1c. Parse verdict from structured Summary
Do NOT send a follow-up yes/no question. Parse the Summary directly:
import re
text = llm_response
# Extract from [OUTPUT] section if present
output_idx = text.find("[OUTPUT]")
if output_idx >= 0:
text = text[output_idx:]
# Parse counts
critical = int(re.search(r'Critical errors?:\s*(\d+)', text).group(1))
major = int(re.search(r'(\d+)\s*major', text).group(1))
raw_verdict = "PASS" if (critical == 0 and major == 0) else "FAIL"
1d. Agent reviews each finding
For EVERY iteration (pass or fail), review each finding:
- Read the flagged location in the tex file
- Check the math
- Classify: CONFIRMED / FALSE POSITIVE / UNCLEAR
Determine effective verdict:
- All findings FALSE POSITIVE -> effective PASS
- Any finding CONFIRMED critical or major -> effective FAIL
- UNCLEAR -> treat as FAIL (conservative)
Step 2: Handle PASS
Increment correct_count. Reset error_count = 0.
If correct_count >= 3 and no fixes pending: consider launching 2 parallel verification sessions.
If correct_count >= 5: ACCEPT. Go to Delivery.
Step 3: Handle FAIL
Increment error_count. Reset correct_count = 0.
If error_count >= 10: REJECT. Go to Delivery.
Simple fixes: Apply edits directly. Complex fixes: Create a correction session and send Prompt 3 + bug report to the external LLM.
Then re-verify (back to Step 1).
Delivery
After ACCEPT or REJECT:
Compile
pdflatex -interaction=nonstopmode $BASE.tex && pdflatex -interaction=nonstopmode $BASE.tex
Git Commit (only if fixes were applied)
Ask the user before committing:
"VR loop complete with fixes applied. Want me to commit?"
If yes:
git add $TEX_FILE && git commit -m "VR loop: [status] after [N] iterations"
Final Summary
Always print at the end:
===========================================
VR LOOP -- Final Summary
===========================================
File: $BASE.tex
Result: ACCEPTED / REJECTED / MAX ITERATIONS
Iterations: N
Passes: X (consecutive)
Fails: Y (consecutive)
Issues Fixed:
- [list]
False Positives Filtered:
- [list]
Remaining Issues (if rejected):
- [list]
===========================================
Configuration
| Parameter | Default | Description |
|---|---|---|
| CONSECUTIVE_PASS | 5 | Passes needed for acceptance |
| CONSECUTIVE_FAIL | 10 | Fails before rejection |
| MAX_ITERATIONS | 30 | Hard limit on total iterations |
| LLM_TIMEOUT | 600s | Per-verification timeout |
Important Notes
- All the external LLM calls go through
/external-llm. Session persistence + transcripts. - Each verification uses a FRESH session. Prevents bias from previous rounds.
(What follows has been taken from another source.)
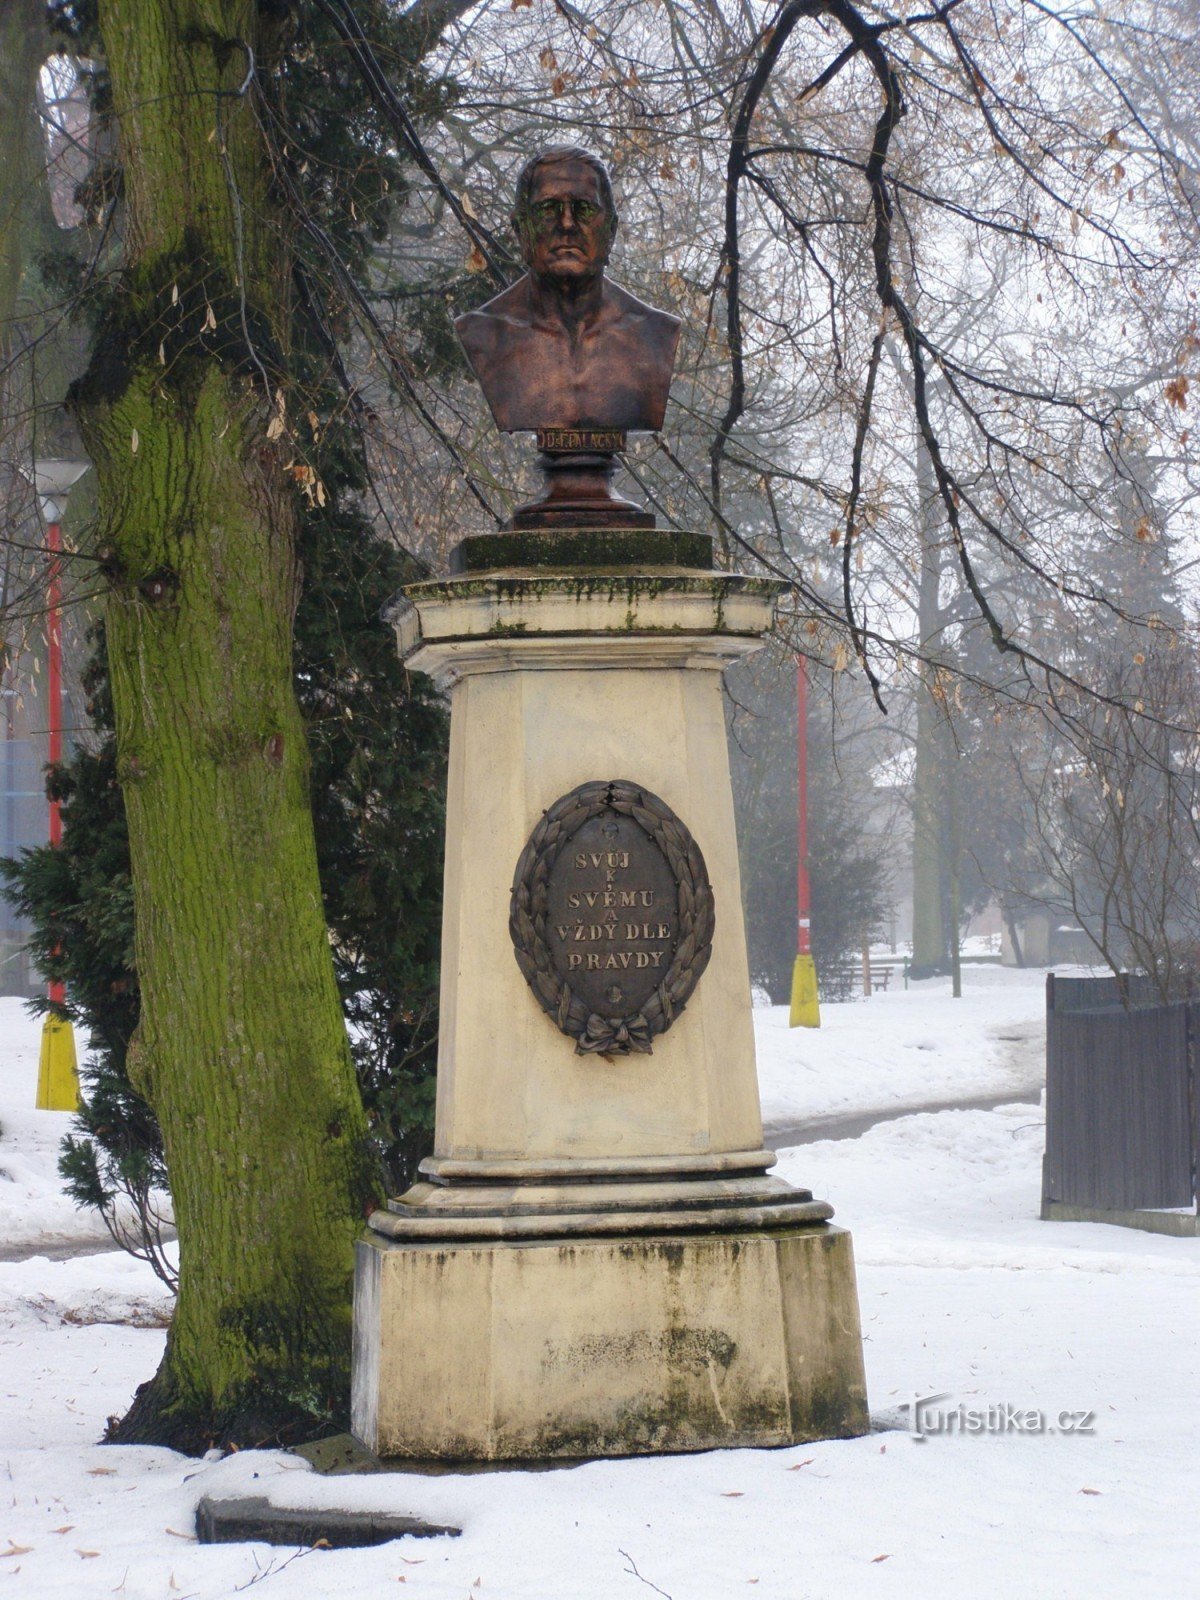 Nový Bydžov - monumento a František Palacký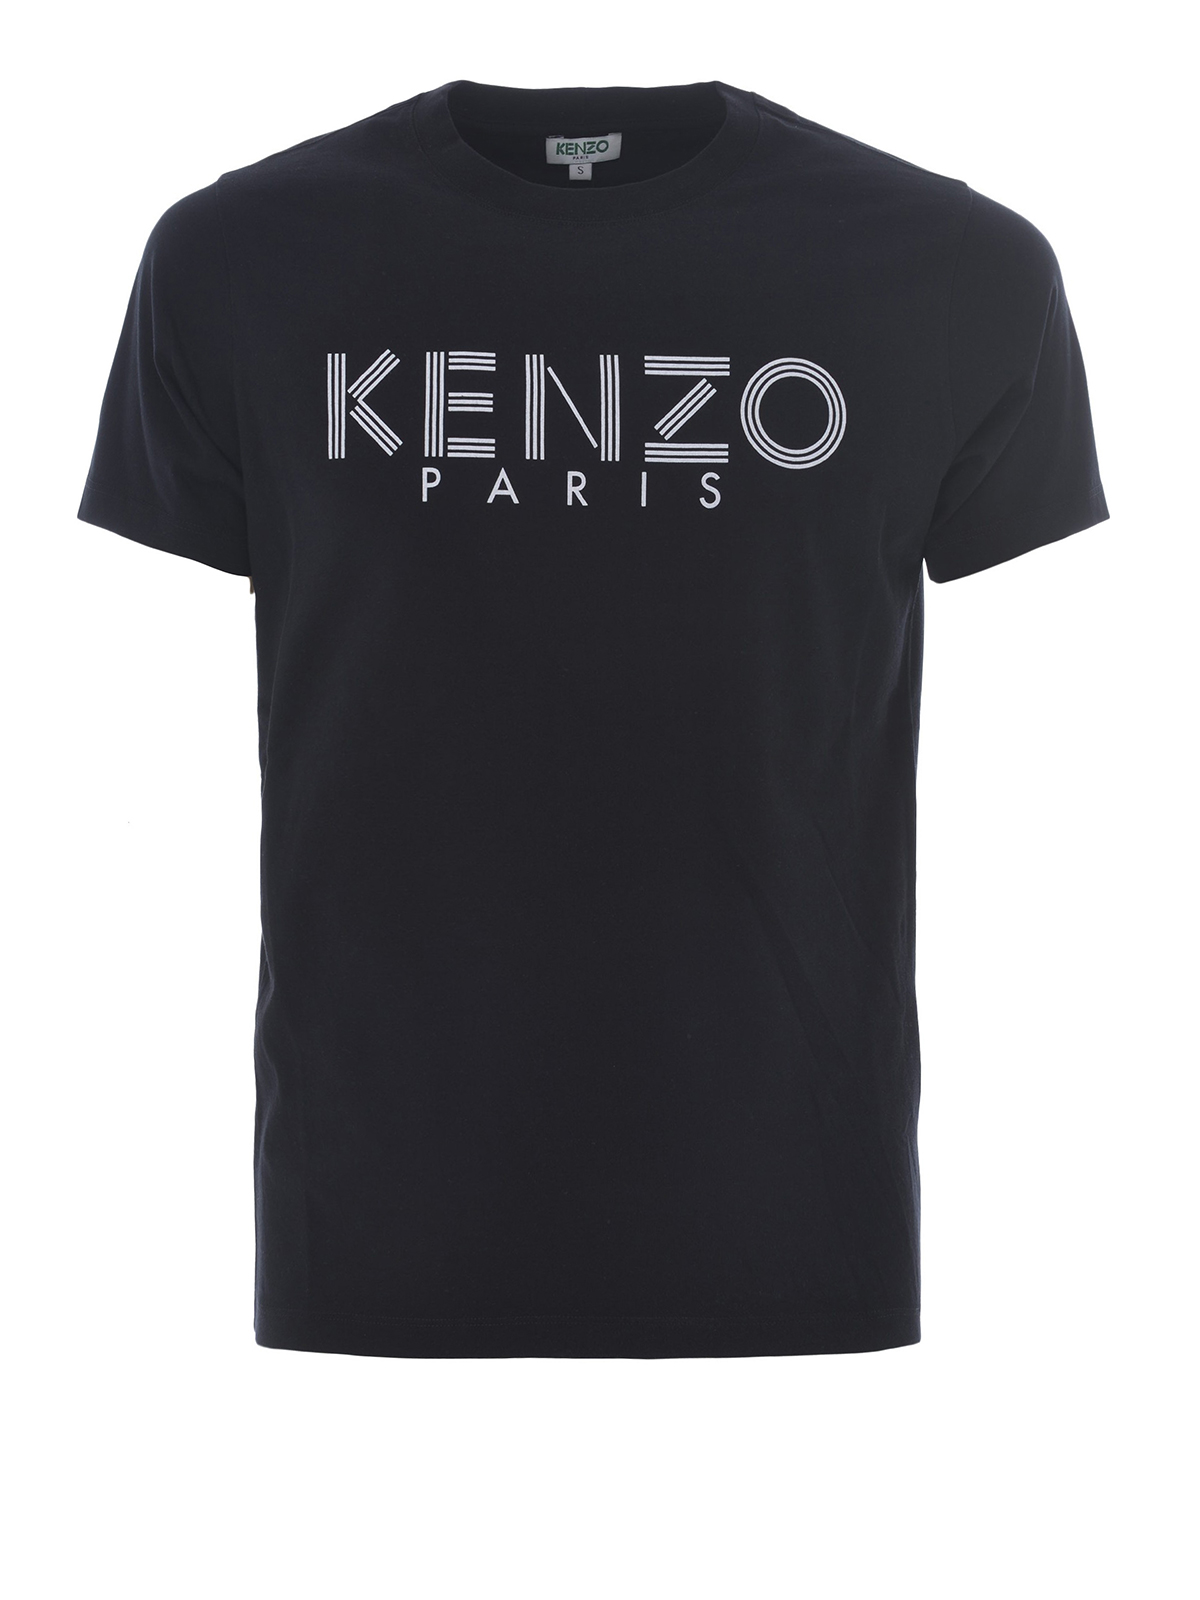 kenzo t shirt black

- The agent is the gatekeeper. Reviews EVERY finding before acting. False positives never reset the pass counter.
- Parse structured output, don't ask follow-up questions. The yes/no extraction prompt is unreliable.
- Fix simple issues directly. Only use the external LLM correction for genuinely complex problems.
Reference
Huang & Yang, "Winning Gold at IMO 2025 with a Model-Agnostic Verification-and-Refinement Pipeline," arXiv:2507.15855, 2025.